Although I have a good LSFR C implementation I thought I'd try the same in Haskell - just to see how it goes. What I came up with, so far, is two orders of magnitude slower than the C implementation, which begs the question: How can the performance be improved? Clearly, the bit-fiddling operations are the bottleneck, and the profiler confirms this.
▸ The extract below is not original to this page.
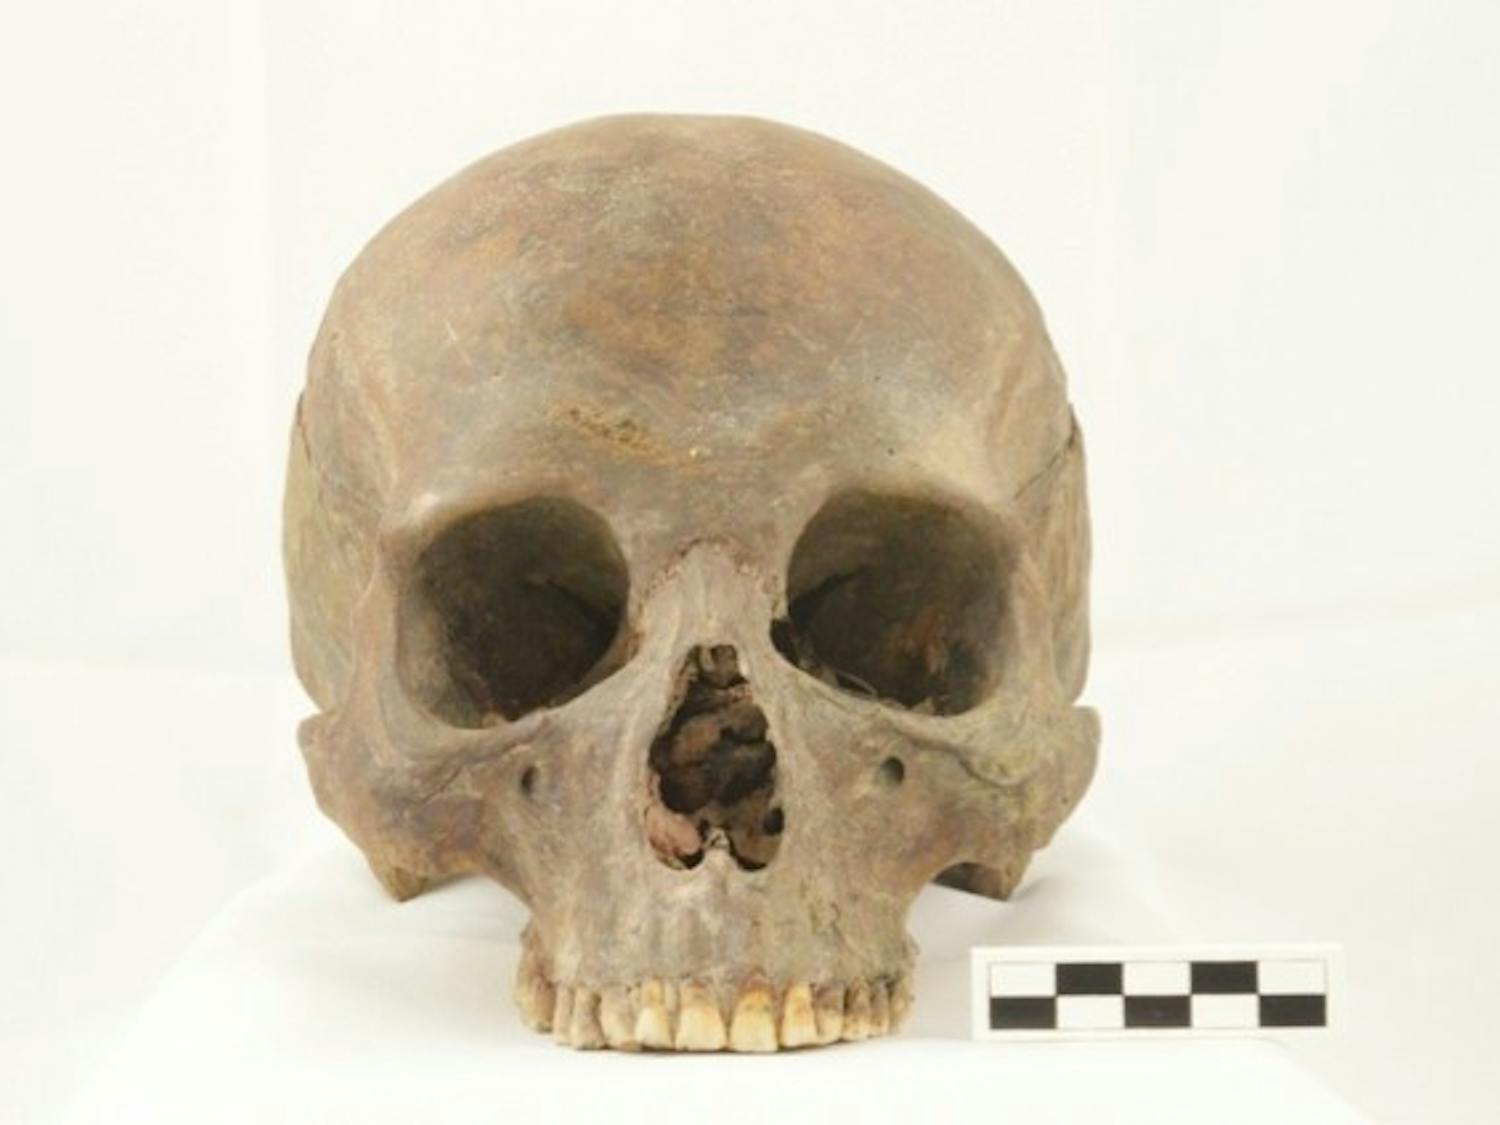 A skull (pictured) recovered from the excavations done on on the former Erie County Poorhouse cemetery, which was located on South Campus before UB purchased the land.

Here's the baseline Haskell code using lists and Data.Bits:

import           Control.Monad      (when)
import           Data.Bits          (Bits, shift, testBit, xor, (.&.), (.|.))
import           System.Environment (getArgs)
import           System.Exit        (exitFailure, exitSuccess)

tap :: [[Int]]
tap = [
    [],            [],            [],            [3, 2],
    [4, 3],        [5, 3],        [6, 5],        [7, 6],
    [8, 6, 5, 4],  [9, 5],        [10, 7],       [11, 9],
    [12, 6, 4, 1], [13, 4, 3, 1], [14, 5, 3, 1], [15, 14],
    [16,15,13,4],  [17, 14],      [18, 11],      [19, 6, 2, 1],
    [20, 17],      [21, 19],      [22, 21],      [23, 18],
    [24,23,22,17], [25, 22],      [26, 6, 2, 1], [27, 5, 2, 1],
    [28, 25],      [29, 27],      [30, 6, 4, 1], [31, 28],
    [32,22,2,1],   [33,20],       [34,27,2,1],   [35,33],
    [36,25],       [37,5,4,3,2,1],[38,6,5,1],    [39,35],
    [40,38,21,19], [41,38],       [42,41,20,19], [43,42,38,37],
    [44,43,18,17], [45,44,42,41], [46,45,26,25], [47,42],
    [48,47,21,20], [49,40],       [50,49,24,23], [51,50,36,35],
    [52,49],       [53,52,38,37], [54,53,18,17], [55,31],
    [56,55,35,34], [57,50],       [58,39],       [59,58,38,37],
    [60,59],       [61,60,46,45], [62,61,6,5],   [63,62]        ]

xor' :: [Bool] -> Bool
xor' = foldr xor False

mask ::  (Num a, Bits a) => Int -> a
mask len = shift 1 len - 1

advance :: Int -> [Int] -> Int -> Int
advance len tap lfsr
    | d0        = shifted
    | otherwise = shifted .|. 1
    where
        shifted = shift lfsr 1 .&. mask len
        d0 = xor' $ map (testBit lfsr) tap'
        tap' = map (subtract 1) tap

main :: IO ()
main = do
    args <- getArgs
    when (null args) $ fail "Usage: lsfr <number-of-bits>"
    let len = read $ head args
    when (len < 8) $ fail "No need for LFSR"
    let out = last $ take (shift 1 len) $ iterate (advance len (tap!!len)) 0
    if out == 0 then do
        putStr "OK\n"
        exitSuccess
    else do
        putStr "FAIL\n"
        exitFailure

Basically it tests whether the LSFR defined in tap :: [[Int]] for any given bit-length is of maximum-length. (More precisely, it just checks whether the LSFR reaches the initial state (zero) after 2n iterations.)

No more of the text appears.